*What needs to be done*
The expected output is exactly the lines below, starting at the line with "Bandido Beard Oil" and ending at the line with "Intervention-Lycee-Brossaud-Blancho", both included; no other line belongs in it.

-- Task data follows --

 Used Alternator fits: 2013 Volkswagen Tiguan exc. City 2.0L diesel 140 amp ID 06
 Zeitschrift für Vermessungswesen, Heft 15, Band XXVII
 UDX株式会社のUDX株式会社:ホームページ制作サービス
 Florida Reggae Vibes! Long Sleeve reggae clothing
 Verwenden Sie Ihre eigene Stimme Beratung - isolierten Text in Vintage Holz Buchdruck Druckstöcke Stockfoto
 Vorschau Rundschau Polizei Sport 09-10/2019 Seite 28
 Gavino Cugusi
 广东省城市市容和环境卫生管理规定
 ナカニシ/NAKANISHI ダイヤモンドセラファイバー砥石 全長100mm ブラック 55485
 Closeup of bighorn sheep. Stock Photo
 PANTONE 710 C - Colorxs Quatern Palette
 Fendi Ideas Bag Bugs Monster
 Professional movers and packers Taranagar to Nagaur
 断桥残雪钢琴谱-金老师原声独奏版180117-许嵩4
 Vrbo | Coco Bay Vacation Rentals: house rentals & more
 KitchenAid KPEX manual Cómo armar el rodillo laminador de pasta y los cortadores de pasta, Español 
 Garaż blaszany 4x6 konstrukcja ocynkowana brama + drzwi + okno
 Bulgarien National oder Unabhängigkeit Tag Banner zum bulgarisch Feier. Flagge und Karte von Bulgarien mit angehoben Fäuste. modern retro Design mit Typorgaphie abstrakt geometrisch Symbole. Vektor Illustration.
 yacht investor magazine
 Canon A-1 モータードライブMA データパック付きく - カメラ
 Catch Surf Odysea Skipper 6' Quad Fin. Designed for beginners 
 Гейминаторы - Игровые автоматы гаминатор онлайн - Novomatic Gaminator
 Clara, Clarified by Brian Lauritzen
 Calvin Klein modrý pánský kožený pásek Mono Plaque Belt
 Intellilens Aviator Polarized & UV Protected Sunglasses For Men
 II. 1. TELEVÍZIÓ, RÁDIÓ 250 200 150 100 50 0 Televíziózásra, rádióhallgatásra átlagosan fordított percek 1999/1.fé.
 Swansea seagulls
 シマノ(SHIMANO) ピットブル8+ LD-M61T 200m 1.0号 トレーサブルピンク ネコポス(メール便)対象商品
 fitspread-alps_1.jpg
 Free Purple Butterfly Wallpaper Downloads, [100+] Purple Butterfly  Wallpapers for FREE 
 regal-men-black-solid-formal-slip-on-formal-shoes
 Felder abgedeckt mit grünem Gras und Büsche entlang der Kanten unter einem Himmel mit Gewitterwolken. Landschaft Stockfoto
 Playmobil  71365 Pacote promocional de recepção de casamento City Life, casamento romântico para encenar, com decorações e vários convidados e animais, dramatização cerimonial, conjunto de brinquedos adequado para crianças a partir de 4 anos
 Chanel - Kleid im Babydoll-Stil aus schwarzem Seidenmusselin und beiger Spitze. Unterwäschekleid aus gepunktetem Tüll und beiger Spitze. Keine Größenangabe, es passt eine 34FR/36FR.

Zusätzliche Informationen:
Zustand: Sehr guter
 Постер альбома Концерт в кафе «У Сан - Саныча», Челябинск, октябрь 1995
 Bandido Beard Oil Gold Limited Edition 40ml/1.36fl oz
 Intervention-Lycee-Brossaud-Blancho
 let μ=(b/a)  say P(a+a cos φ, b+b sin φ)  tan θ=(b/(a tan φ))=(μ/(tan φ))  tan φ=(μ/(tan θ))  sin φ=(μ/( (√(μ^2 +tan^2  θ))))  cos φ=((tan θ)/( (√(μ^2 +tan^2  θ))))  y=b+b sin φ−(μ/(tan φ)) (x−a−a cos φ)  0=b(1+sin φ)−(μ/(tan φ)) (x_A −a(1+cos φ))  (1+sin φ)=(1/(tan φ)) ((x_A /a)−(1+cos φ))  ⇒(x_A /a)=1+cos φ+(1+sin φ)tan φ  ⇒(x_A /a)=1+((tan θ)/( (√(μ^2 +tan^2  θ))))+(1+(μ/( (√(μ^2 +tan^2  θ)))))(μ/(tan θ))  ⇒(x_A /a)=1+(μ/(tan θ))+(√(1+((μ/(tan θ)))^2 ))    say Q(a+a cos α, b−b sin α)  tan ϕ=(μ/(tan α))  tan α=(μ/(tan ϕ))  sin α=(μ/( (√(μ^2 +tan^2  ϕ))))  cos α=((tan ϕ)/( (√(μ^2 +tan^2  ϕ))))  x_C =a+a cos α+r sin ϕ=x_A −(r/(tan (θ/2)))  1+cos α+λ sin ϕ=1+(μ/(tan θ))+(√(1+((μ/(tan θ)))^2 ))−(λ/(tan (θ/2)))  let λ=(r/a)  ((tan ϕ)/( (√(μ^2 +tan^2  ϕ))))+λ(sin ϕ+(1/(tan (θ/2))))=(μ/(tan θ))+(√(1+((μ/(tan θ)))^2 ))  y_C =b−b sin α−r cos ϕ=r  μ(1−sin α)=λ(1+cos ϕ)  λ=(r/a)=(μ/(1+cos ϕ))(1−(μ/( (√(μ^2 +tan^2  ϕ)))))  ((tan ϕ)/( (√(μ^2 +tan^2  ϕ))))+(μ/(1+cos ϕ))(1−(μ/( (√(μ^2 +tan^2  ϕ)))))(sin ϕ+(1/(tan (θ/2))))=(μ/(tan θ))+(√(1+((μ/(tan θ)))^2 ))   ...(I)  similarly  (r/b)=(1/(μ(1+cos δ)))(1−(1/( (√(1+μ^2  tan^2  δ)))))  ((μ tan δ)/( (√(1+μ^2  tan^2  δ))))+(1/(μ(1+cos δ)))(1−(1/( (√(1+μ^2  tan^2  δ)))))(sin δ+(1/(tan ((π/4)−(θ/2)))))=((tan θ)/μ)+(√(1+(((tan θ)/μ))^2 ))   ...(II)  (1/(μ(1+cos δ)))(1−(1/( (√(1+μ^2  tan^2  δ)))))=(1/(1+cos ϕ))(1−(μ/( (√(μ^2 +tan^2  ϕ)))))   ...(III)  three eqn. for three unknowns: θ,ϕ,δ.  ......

-- Task data concluded --

*Output of the task*
 Bandido Beard Oil Gold Limited Edition 40ml/1.36fl oz
 Intervention-Lycee-Brossaud-Blancho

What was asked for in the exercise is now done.